=== Section Start ===

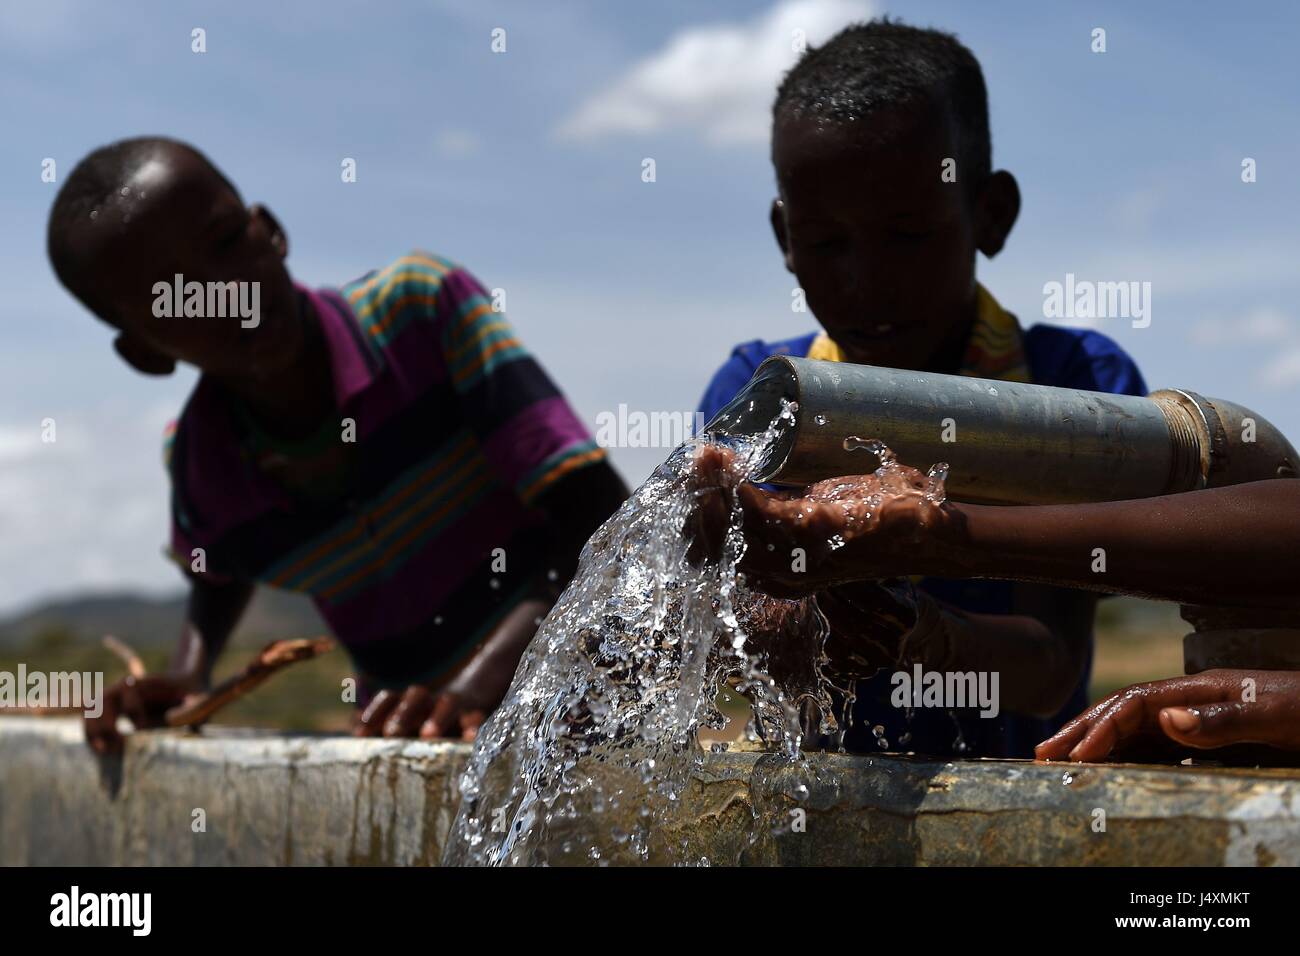 Kinder waschen mit Wasser aus einer Pipeline in das Dorf Afraaga, Somaliland, wo Charity CARE International einen Speichertank gebaut und installiert haben Rohrleitungen und Armaturen Dorfbewohner Zugang zu sauberem Wasser aus einem nahe gelegenen Bohrloch zu geben. Stockfoto
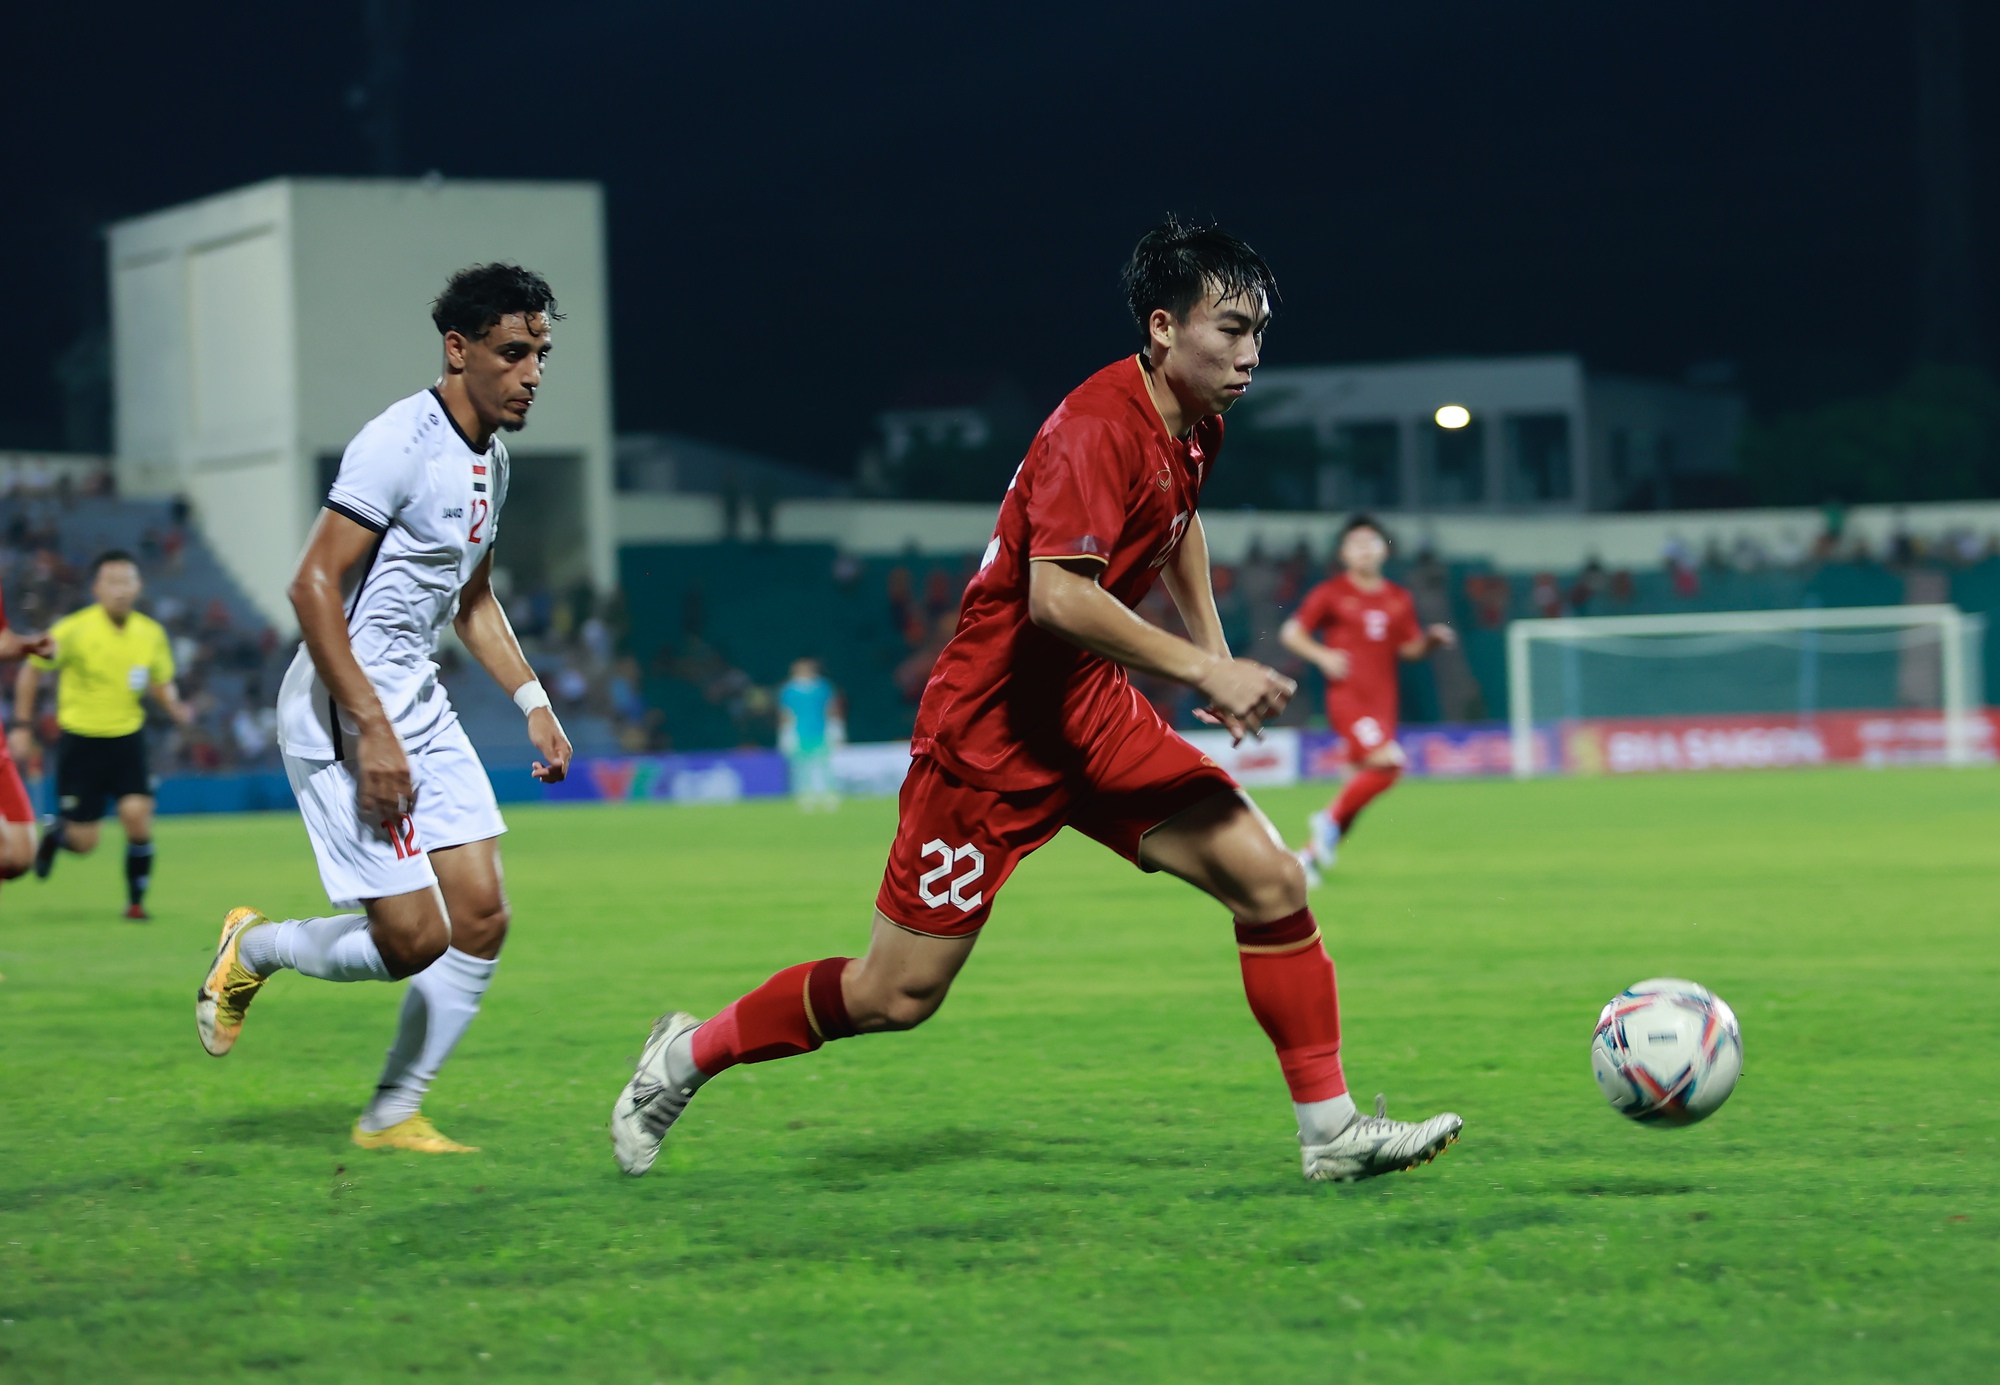 U23 Việt Nam vs U23 Singapore (19h ngày 12/9): Thêm một chiến thắng? - Ảnh 1.
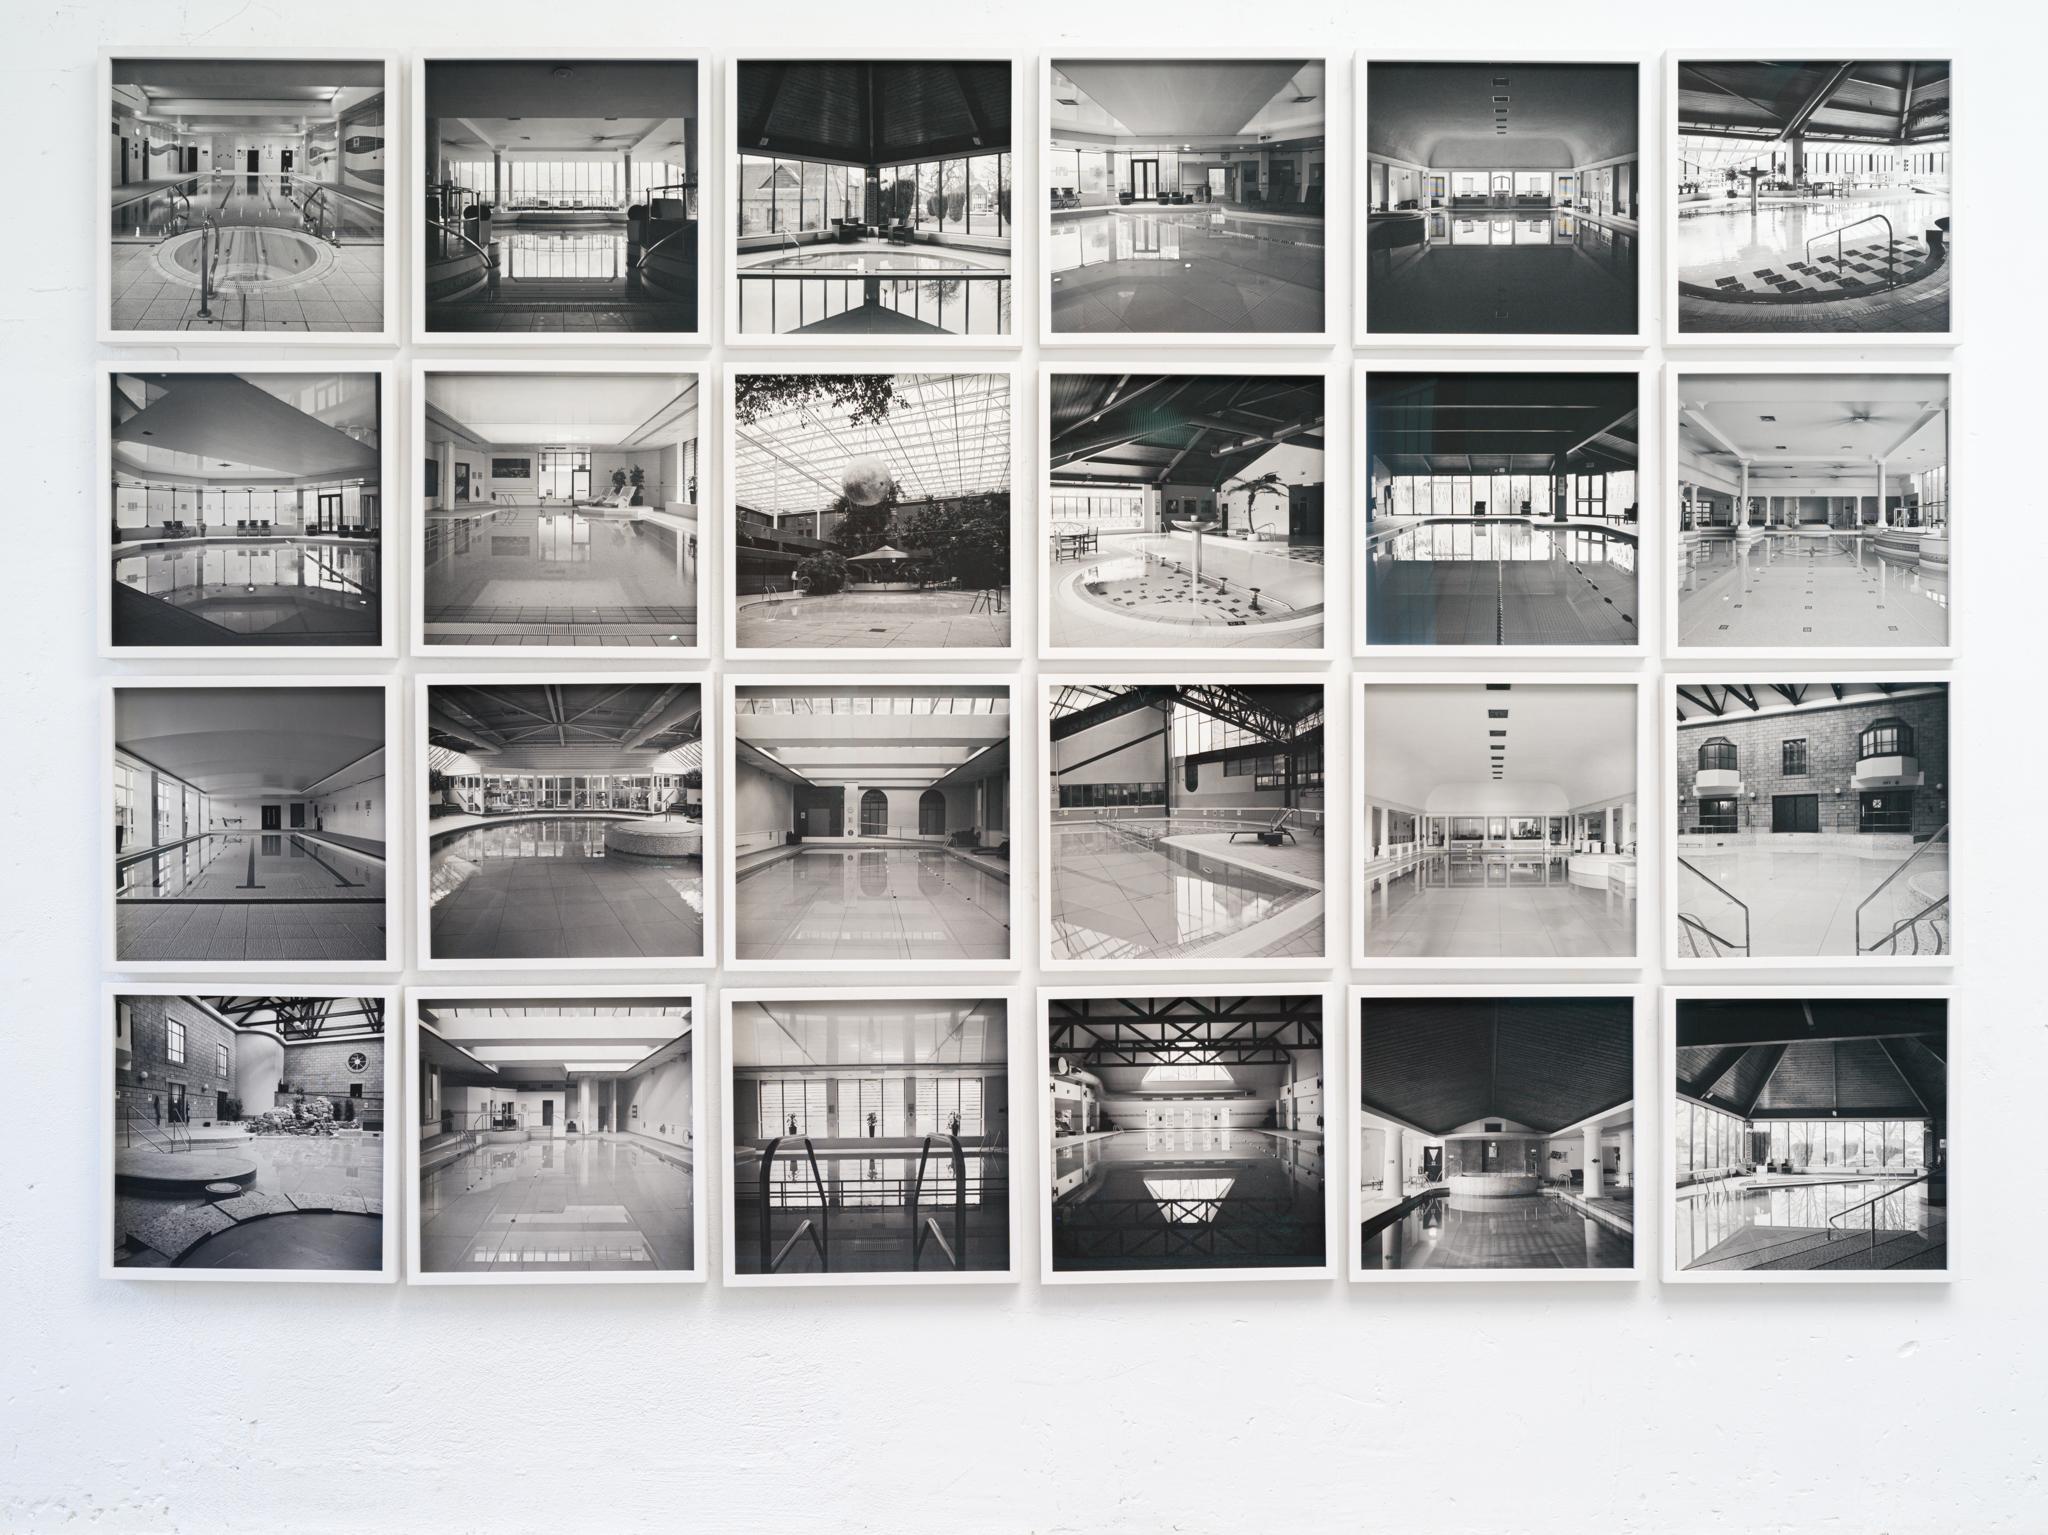 Quadratische Monochrome Quadratische Architekturfotografie: Swimming Pool Design (Grau), Black and White Photograph, von Anna Dobrovolskaya-Mints

=== Section End ===

• **ASSIGNMENT**
From the line containing "U23 Việt Nam" through the last line of the listing, inclusive, transcribe every line exactly and nothing else; the pictures stay out.

• **RESPONSE AREA**
 U23 Việt Nam vs U23 Singapore (19h ngày 12/9): Thêm một chiến thắng? - Ảnh 1.
 Quadratische Monochrome Quadratische Architekturfotografie: Swimming Pool Design (Grau), Black and White Photograph, von Anna Dobrovolskaya-Mints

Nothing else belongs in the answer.